_Exercise objective_. Only the lines from the one with "Corporate Design für" to the end of the data, both ends included, should be output, exactly as they stand and without pictures.
*** Data section Section Begins ***
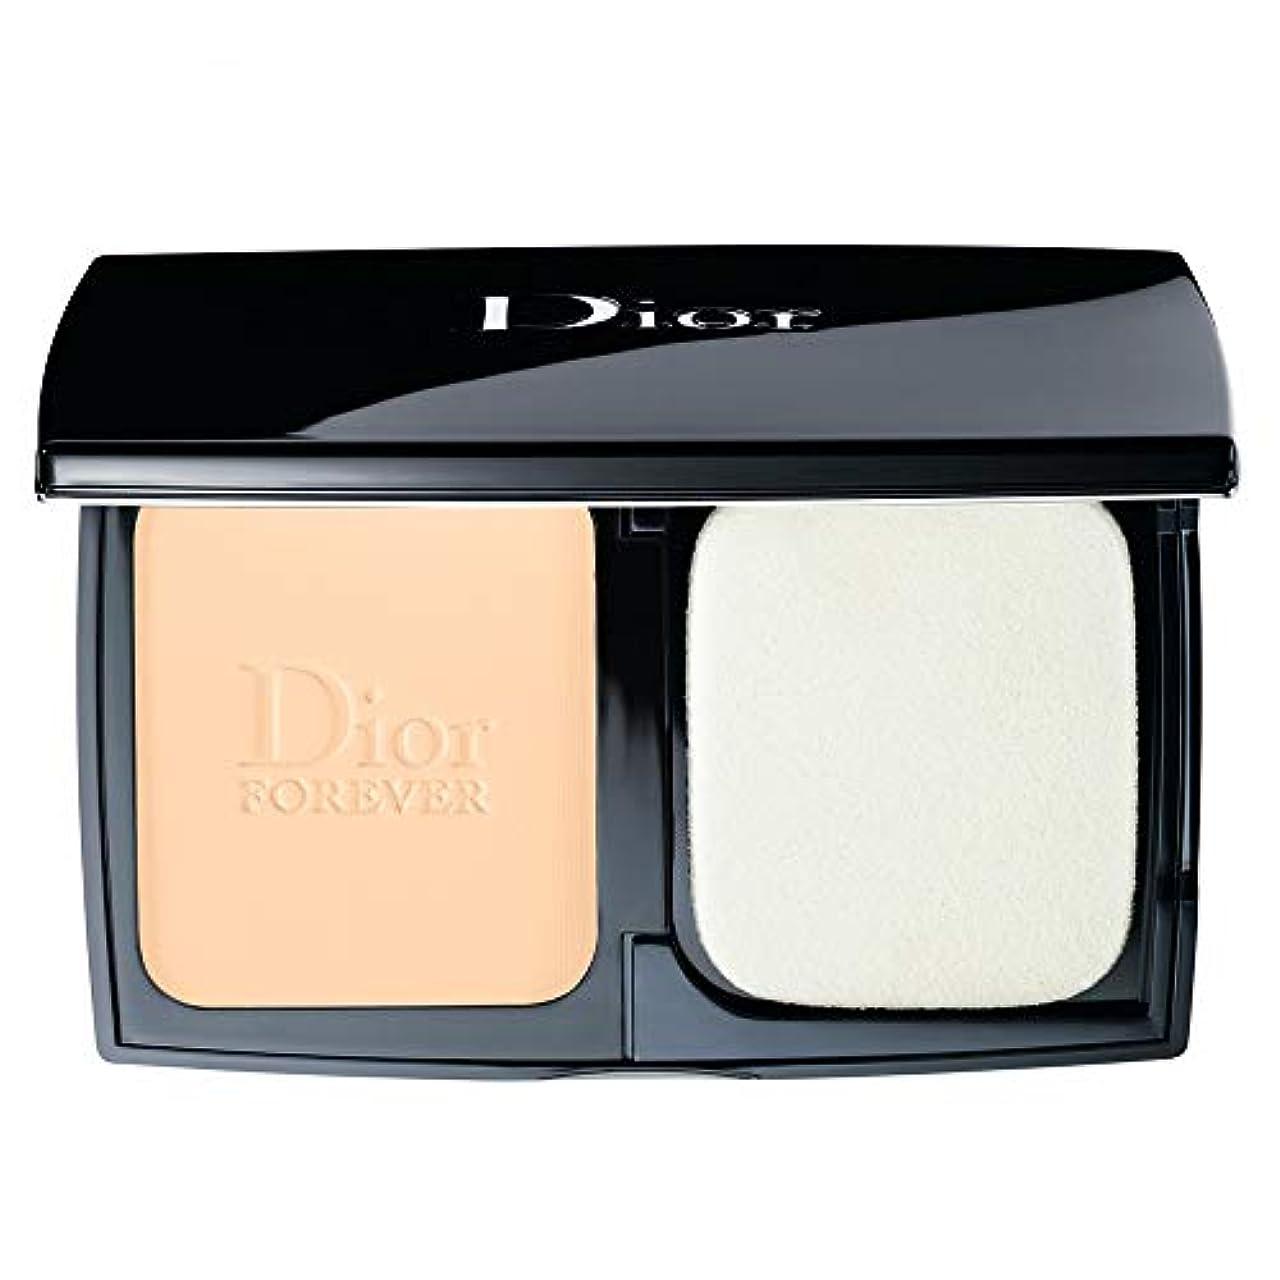 ファウル語組クリスチャンディオール Diorskin Forever Extreme Control Perfect Matte Powder Makeup SPF 20 - # 010 Ivory 9g/0.31oz並行輸入品
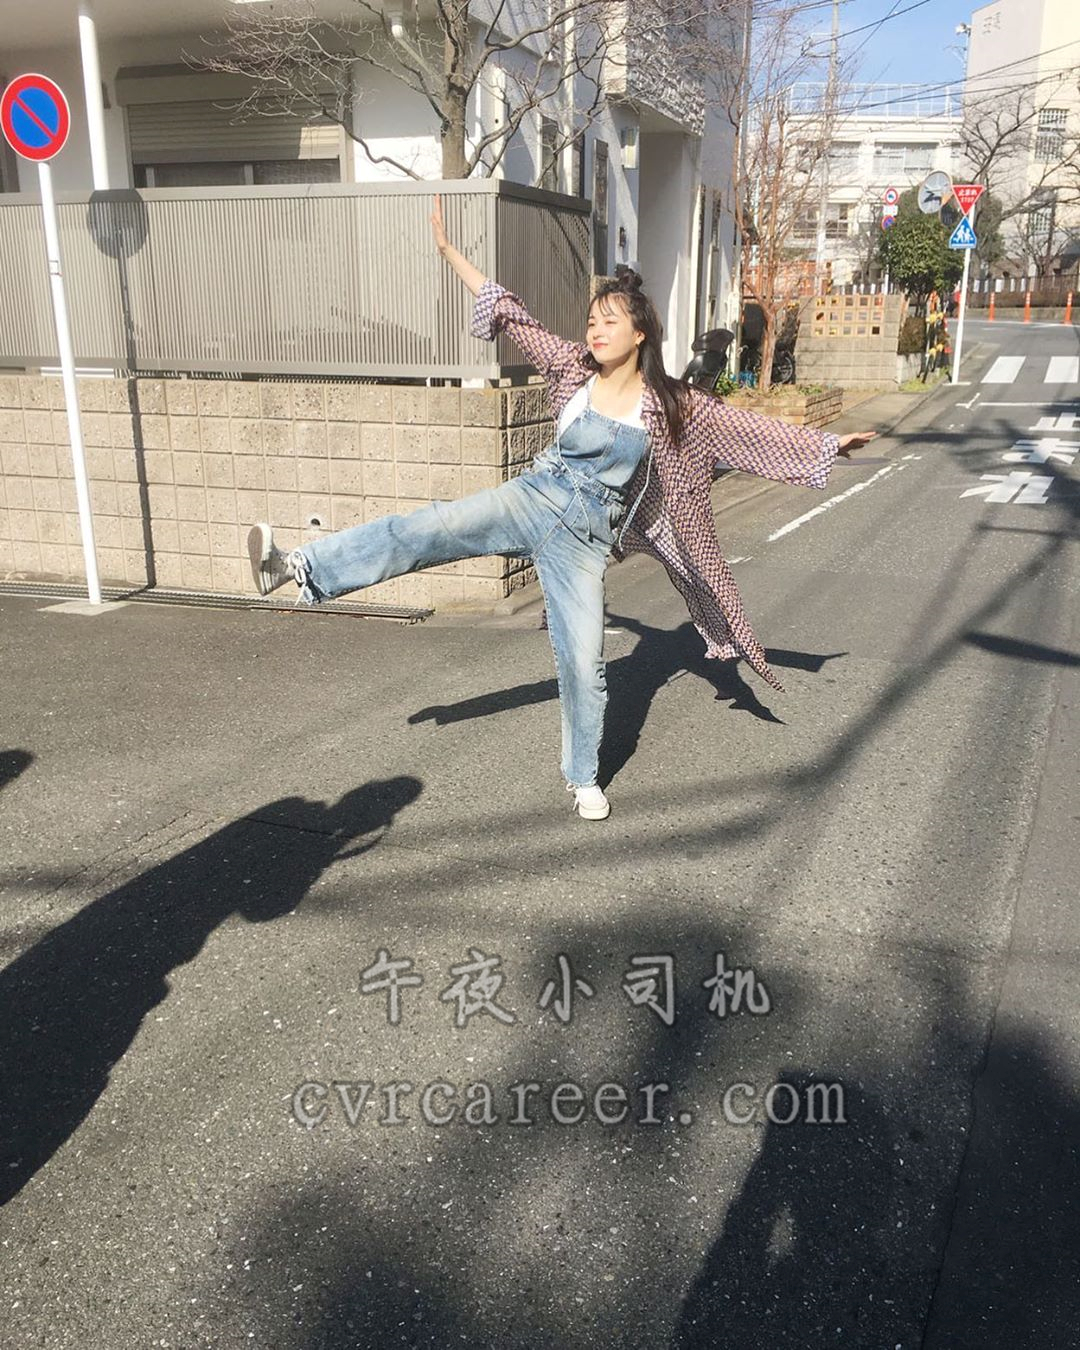 宅妹子suzu.hirose.official的图片 第2张
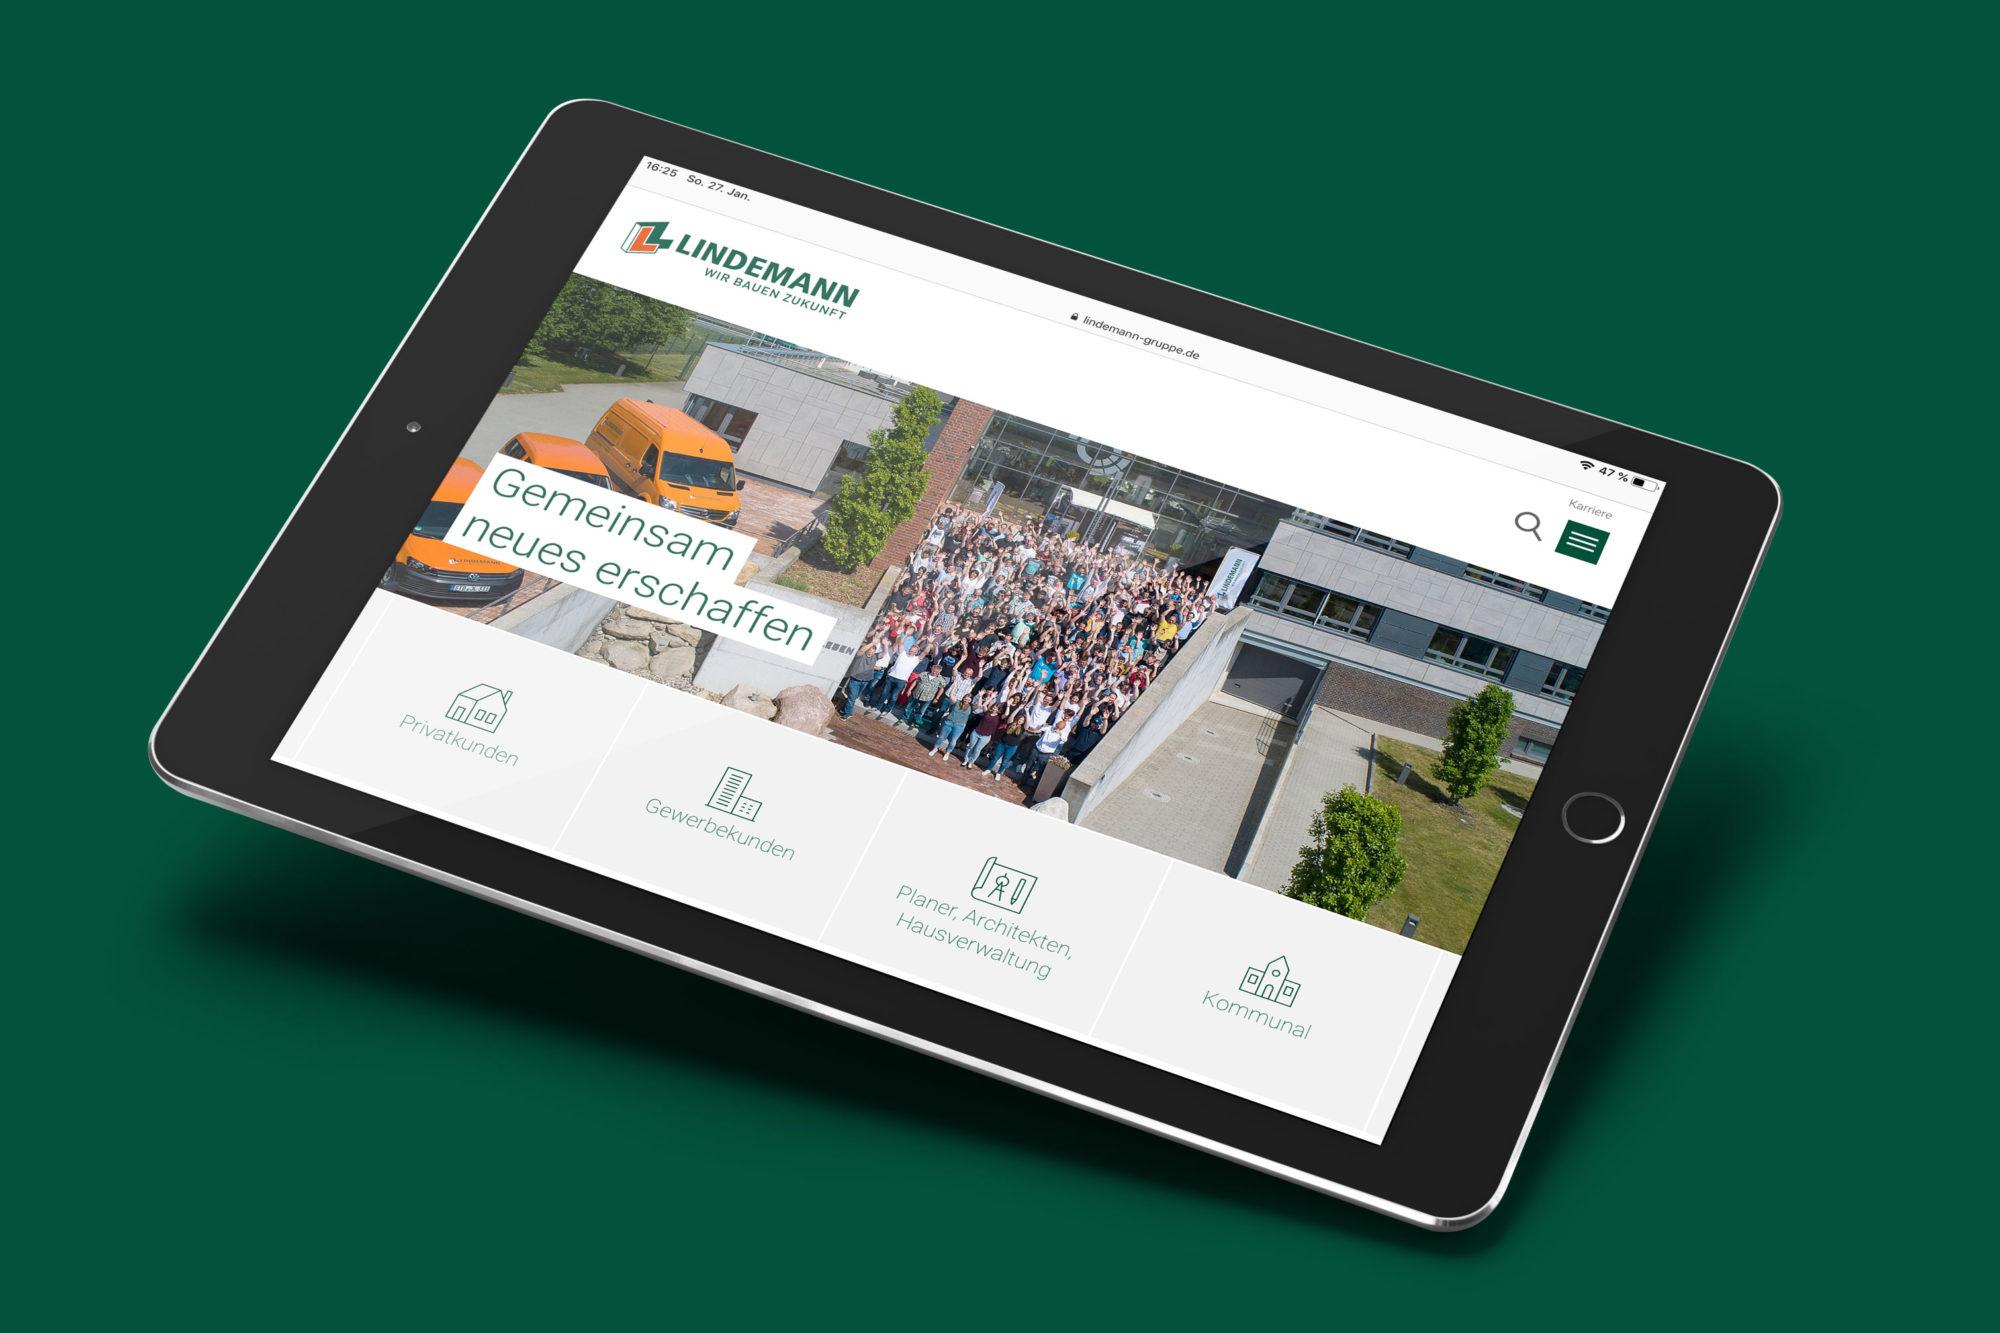 Corporate Design für Lindemann, Beispiel Webdesign
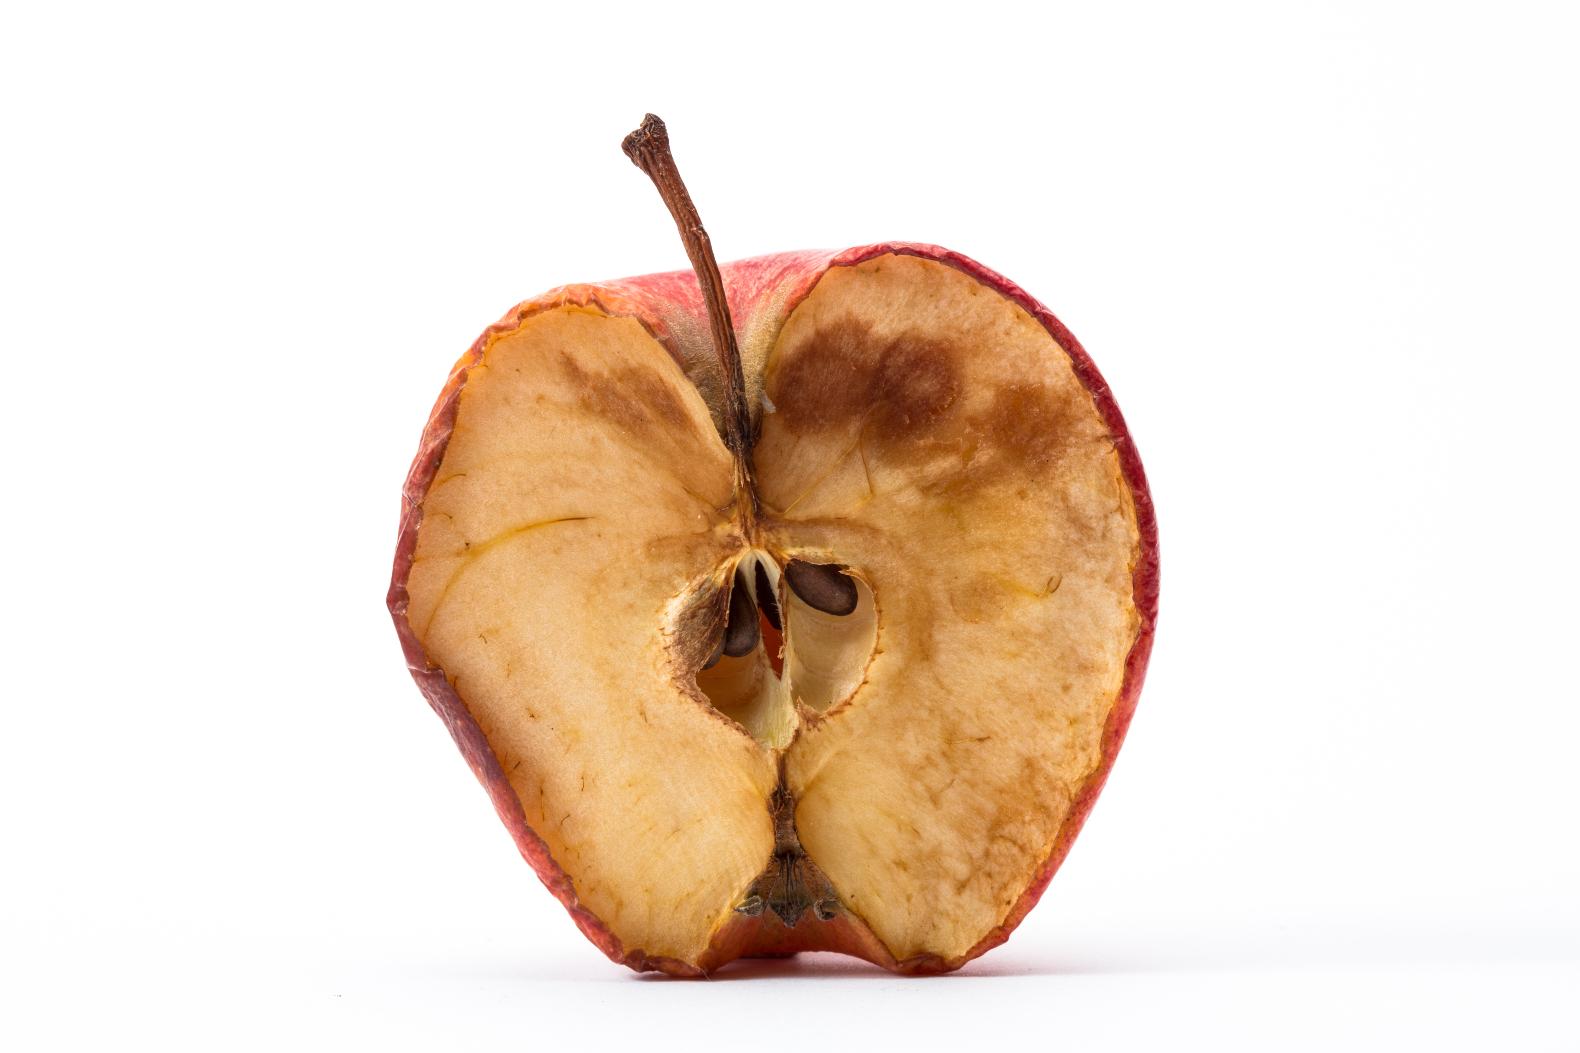 Rotten Apple #108279.
*** Data section Section Ends ***
_Result below_.
 Corporate Design für Lindemann, Beispiel Webdesign
 Rotten Apple #108279.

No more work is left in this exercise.